Record excerpts
____________________

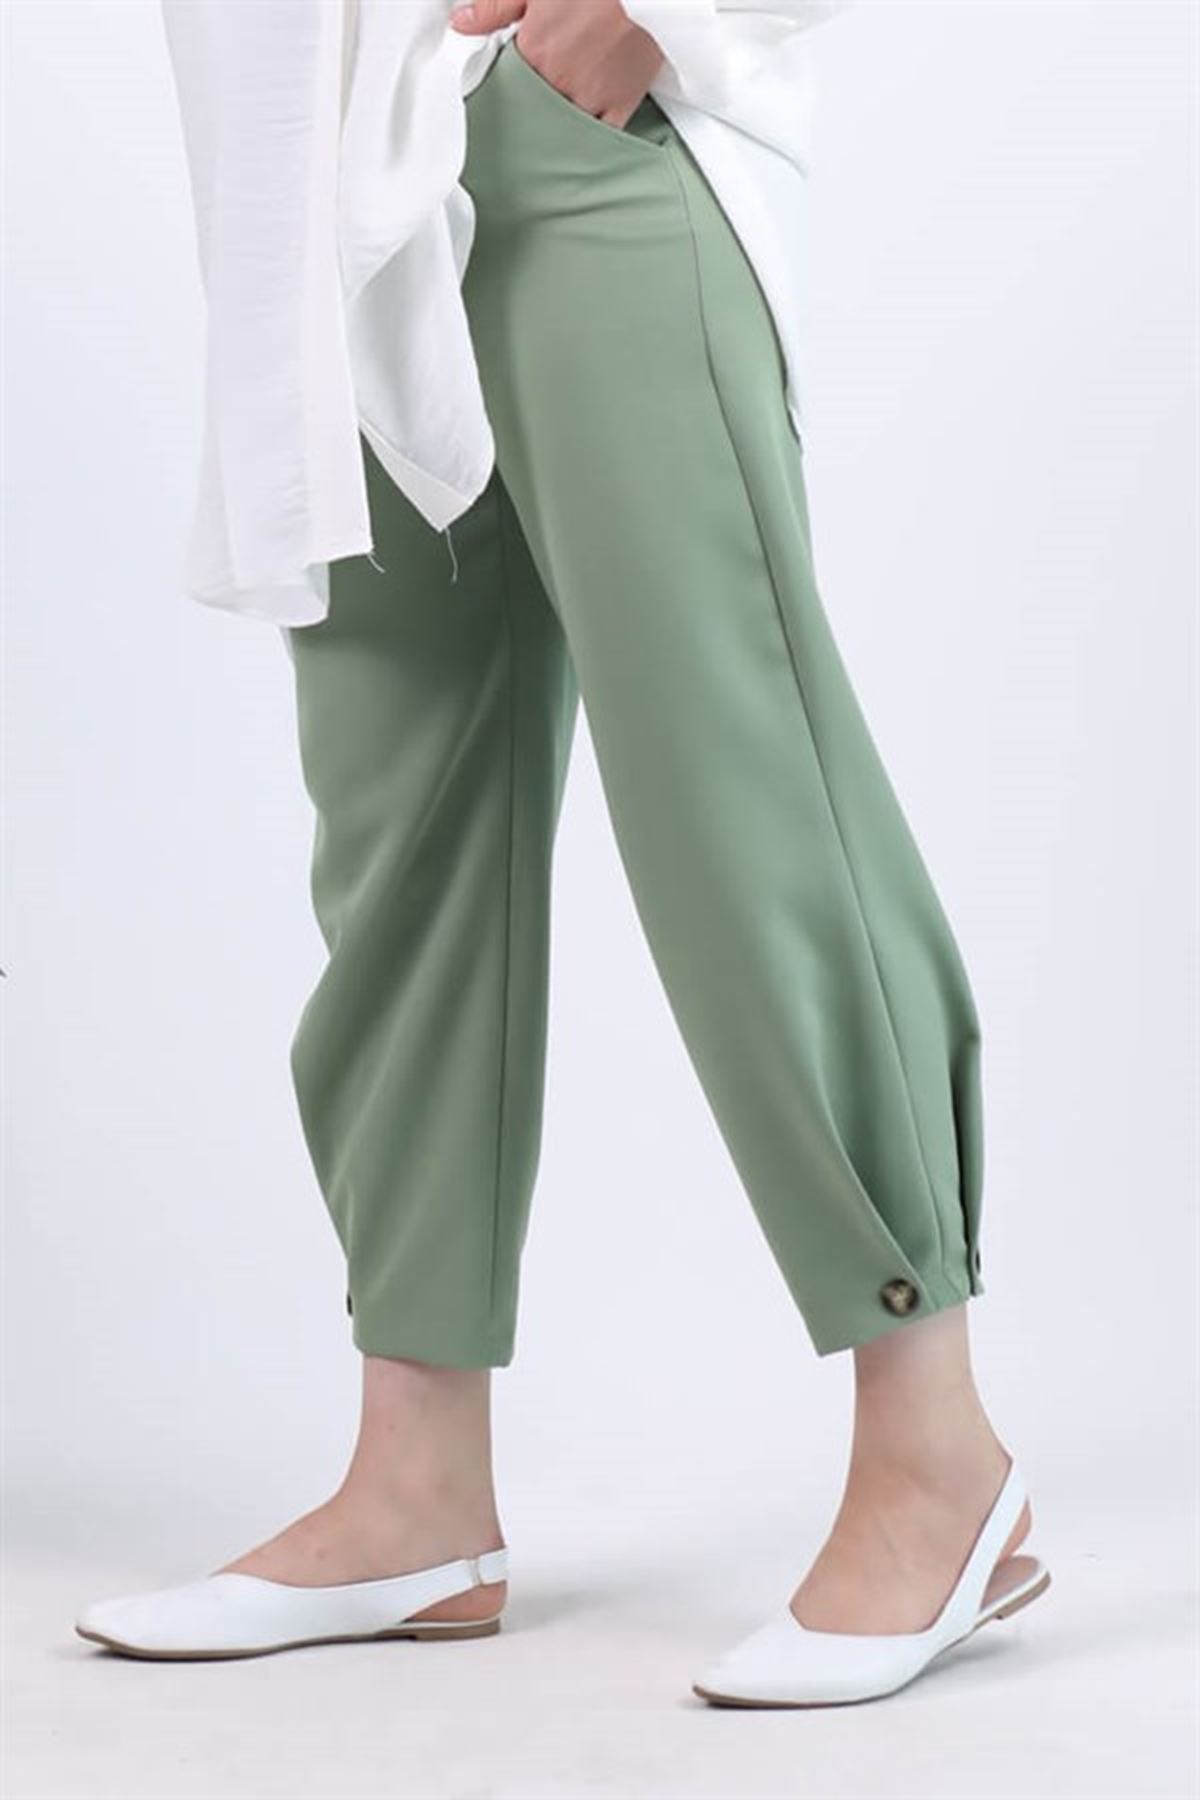 Kadın Bileği Düğme Detaylı Pantolon - Yeşil
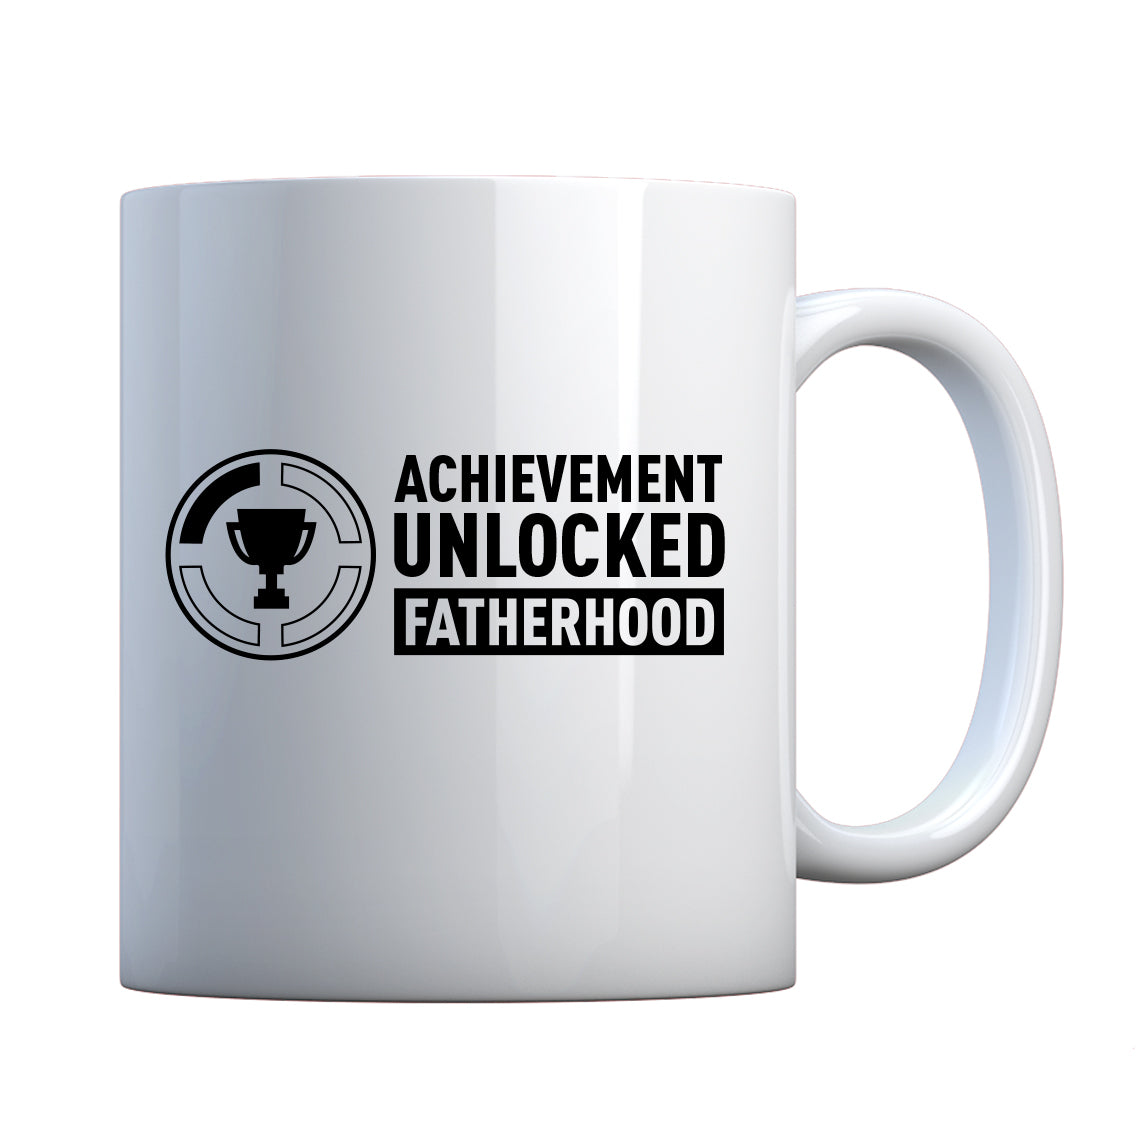 Achievement Unlocked Fatherhood Ceramic Gift Mug
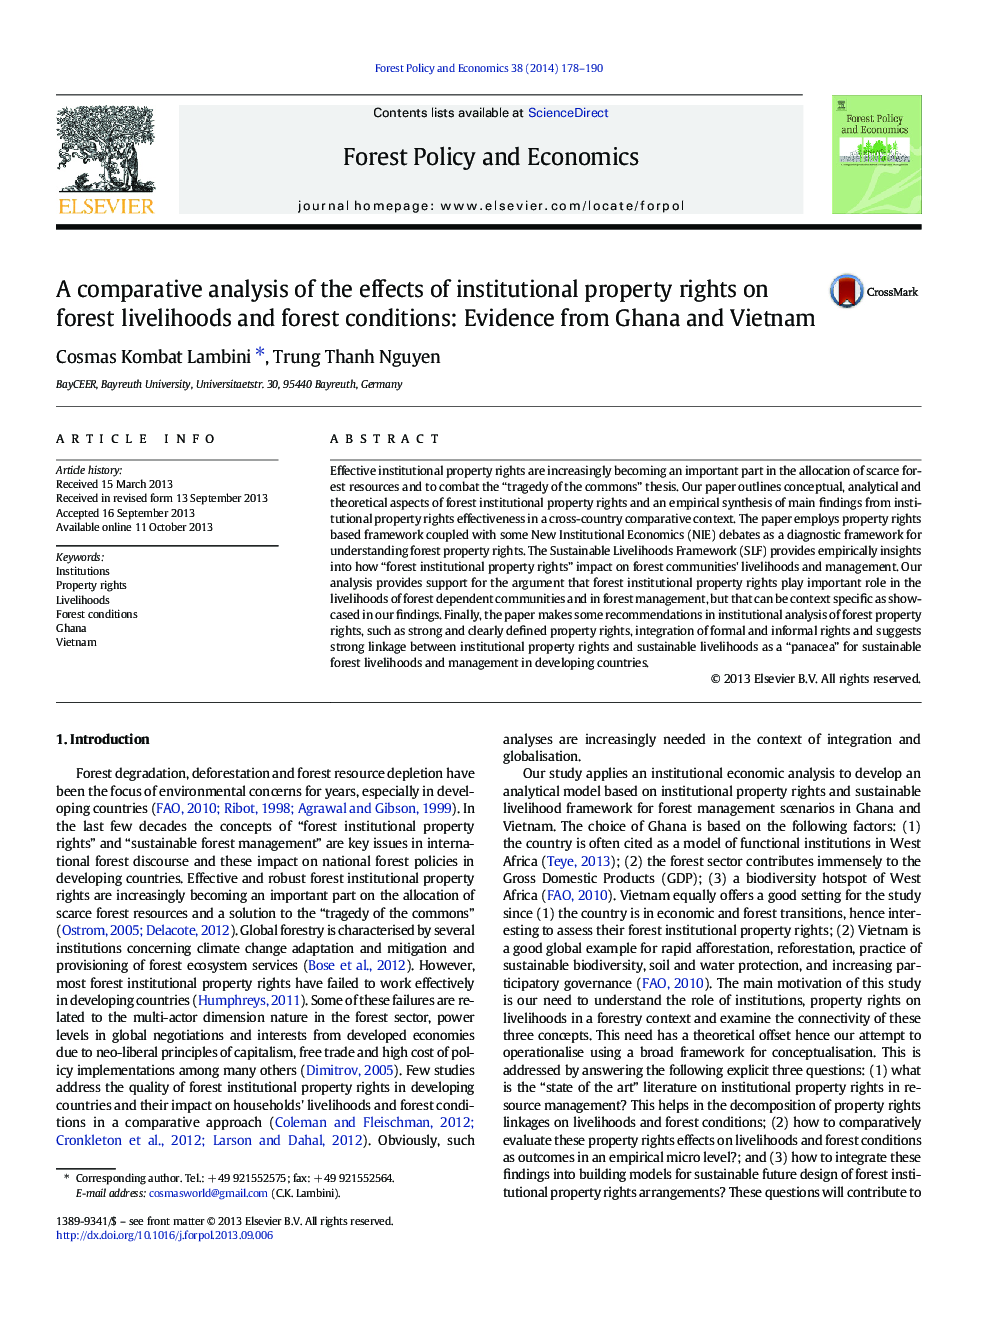 تجزیه و تحلیل تطبیقی ​​اثرات حقوق مالکیت نهادی بر معیشت و شرایط جنگل جنگل: شواهد از غنا و ویتنام 
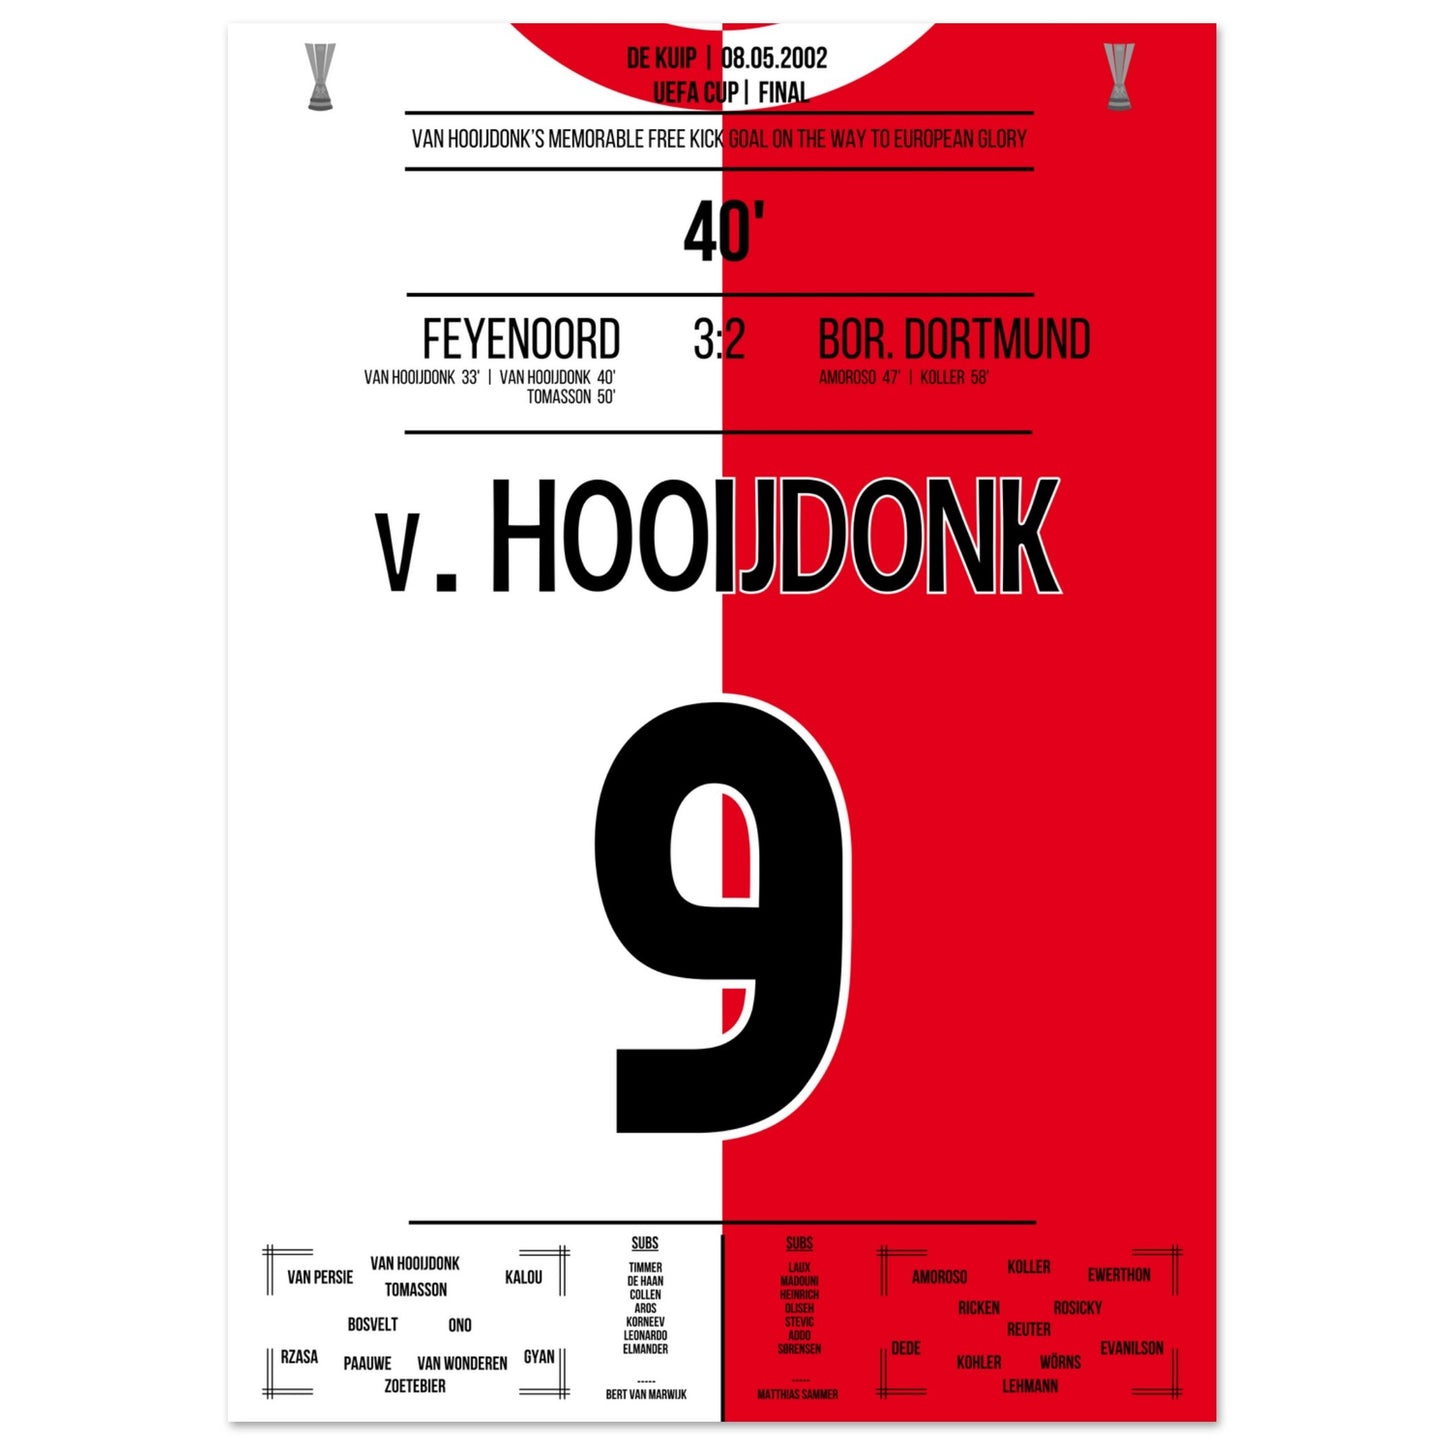 Van Hooijdonk's Freistosstor bei Feyenoord's Europapokaltriumph 2002
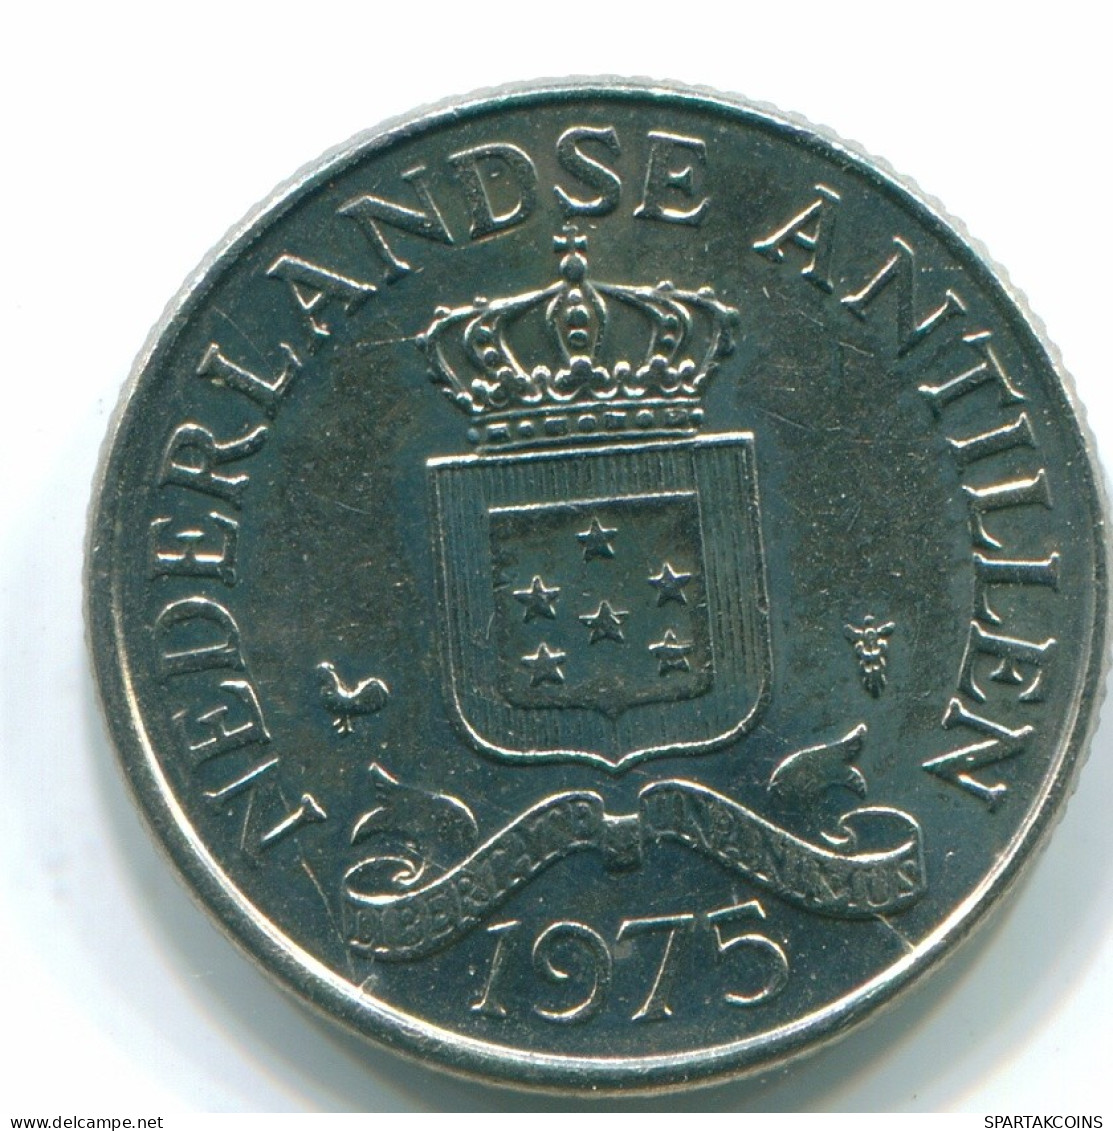 25 CENTS 1975 NIEDERLÄNDISCHE ANTILLEN Nickel Koloniale Münze #S11610.D.A - Niederländische Antillen

____________________

Exercise
Reproduce every record above exactly, omitting the pictures.

Task result
 Kadın Bileği Düğme Detaylı Pantolon - Yeşil
 Achievement Unlocked Fatherhood Ceramic Gift Mug
 تجزیه و تحلیل تطبیقی ​​اثرات حقوق مالکیت نهادی بر معیشت و شرایط جنگل جنگل: شواهد از غنا و ویتنام 
 Van Hooijdonk's Freistosstor bei Feyenoord's Europapokaltriumph 2002
 25 CENTS 1975 NIEDERLÄNDISCHE ANTILLEN Nickel Koloniale Münze #S11610.D.A - Niederländische Antillen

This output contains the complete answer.